Unsere Forderungen sollen diese Bewusstseinsbildung bestärken.“
Wie anders soll er überwunden werden als durch Reformen? (Immerhin ging er ja selbst
aus einer Reform der „sozialen Marktwirtschaft“ hervor, nachdem der Sozialismus als
Weltsystem in einem 40jährigen Wirtschaftskrieg niedergerungen worden war. Dieser
hatte den Kapitalismus gezwungen, nicht nur eine soziale Maske zu tragen, sondern sich
auch in mancher Hinsicht tatsächlich sozial zu verhalten.) Soll noch einmal eine Große
Sozialistische … Revolution, nicht nur in Russland, sondern auf dem ganzen Globus
stattfinden?

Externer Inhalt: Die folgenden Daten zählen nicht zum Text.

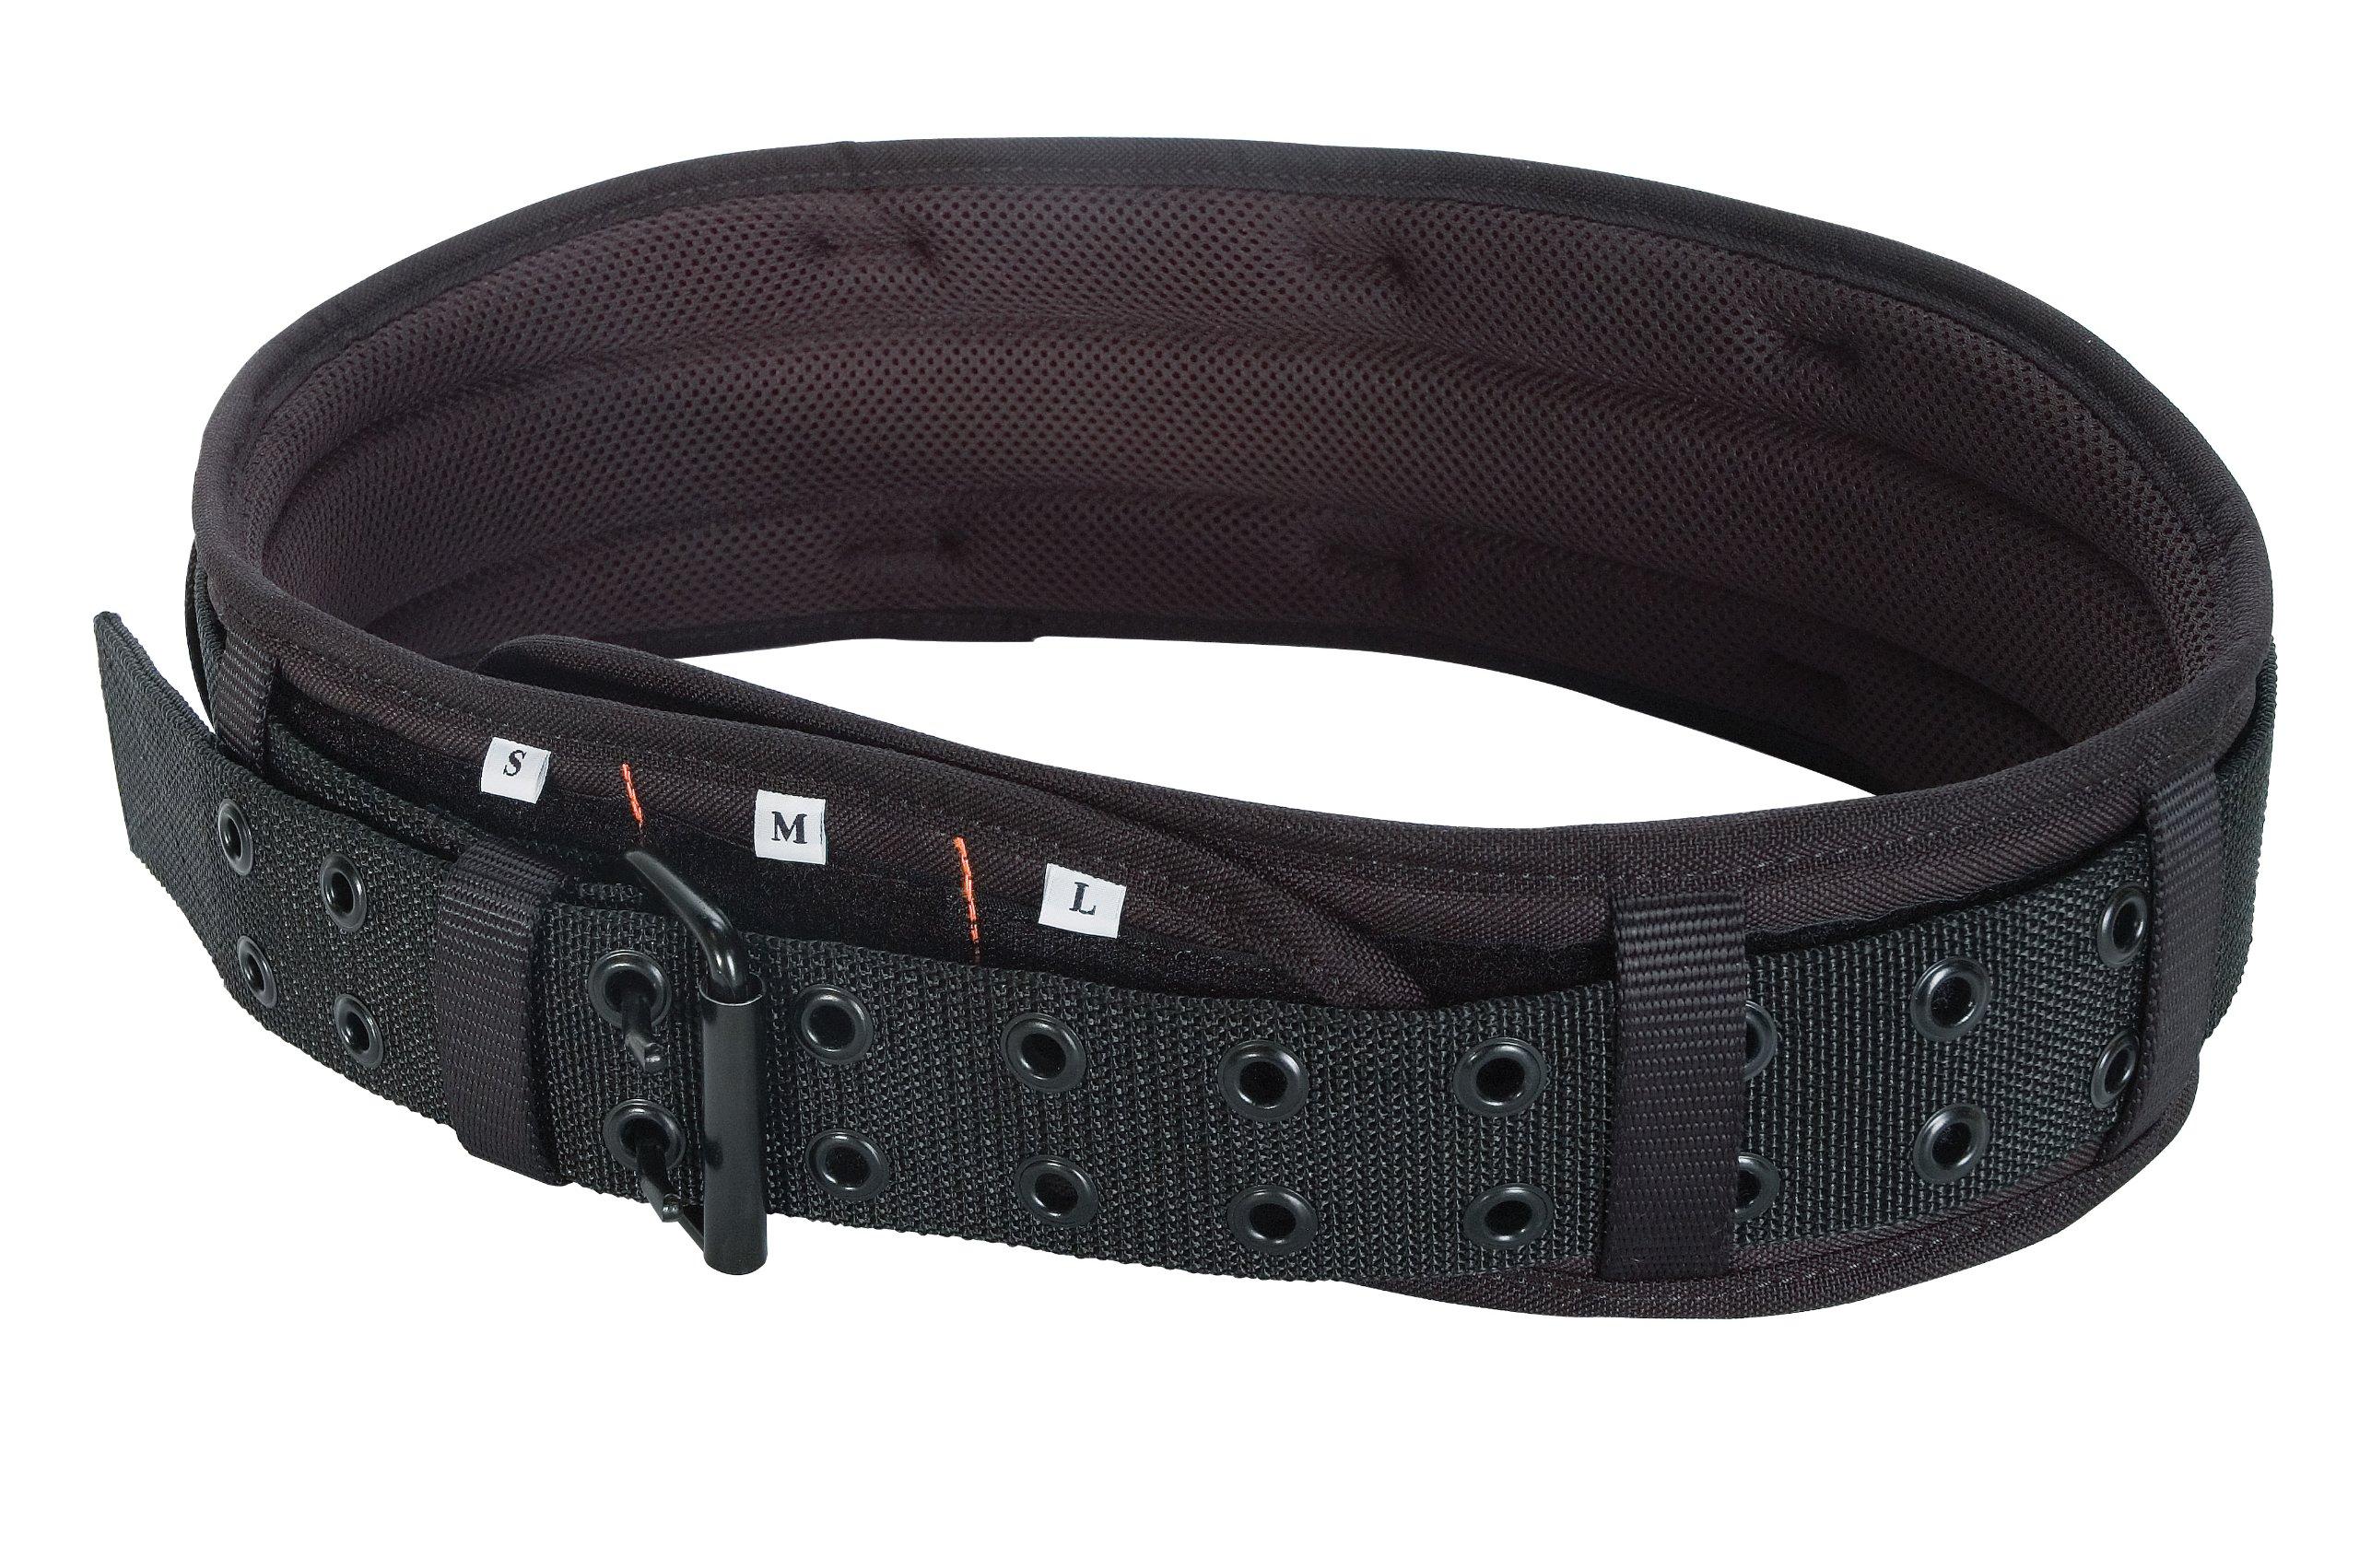 Greenlee 9858-12 Padded Tool Belt, 5'' Wide

Auch der Weg von Reformen erfordert Veränderungen im Bewusstsein der
Menschen, die aber wohl kaum aus politisch-ökonomischen Forderungen einer Partei
resultieren, sondern aus der durch die Partei vermittelten Einsicht in die Erfordernisse der
veränderten Realität und deren verschärfte Widersprüche. Die Veränderungen in der
politisch-ökonomischen Realität am Beginn des 21. gegenüber dem vorigen Jahrhundert
betreffen nicht nur die Globalisierung der ökonomischen Beziehungen der Gesellschaft,
also den quantitativen Rahmen ihres Produzierens und Austauschs sowie deren
Dimensionen. Noch wichtiger ist der qualitative Wandel, der sich im Verlaufe des ganzen
vorigen Jahrhunderts vollzog und seinen krönenden Abschluss bereits 1971 mit der
Kündigung des Abkommens von Bretton Woods durch die USA fand. Die damit
verbundene Verwandlung der (auch kapitalistischen) Währung, also des Geldes, aus einer
(allgemeinen und zugleich besonderen) Ware in ein Arbeitszertifikat schuf im Schoße des
alten Systems und der alten Machtverhältnisse (und auch des überkommenen
gesellschaftlichen Bewusstseins von den eigenen Existenzbedingungen) qualitativ neue
ökonomische Beziehungen der Menschen.
Vgl. Amerikas Geniestreich, unter:
http://heerkehummel.googlepages.com/amerikasgeniestreich
„Dreh- und Angelpunkt für die Gestaltung einer sozialistischen Gesellschaftsordnung
ist eine breite Basis vergesellschafteten Eigentums. Nur auf dieser Grundlage kann der
sozialistische Staat Maßnahmen zur Verbesserung der sozialen, kulturellen und
rechtlichen Situation im Interesse der gesamten Bevölkerung durchsetzen.“
Was soll das sein und wie soll es entstehen, das vergesellschaftete Eigentum? Soll das
ehemalige Sozialismusexperiment noch einmal von vorn beginnen, oder soll ein ganz
neues Experiment einsetzen? In dieser Aussage des Positionspapiers äußert sich ein
zentrales Missverständnis der ganzen realsozialistischen wie auch der neosozialistischen
Bewegung von den inneren ökonomischen Beziehungen sowohl des dahingegangenen
Realsozialismus als auch des realen Kasinokapitalismus der Gegenwart.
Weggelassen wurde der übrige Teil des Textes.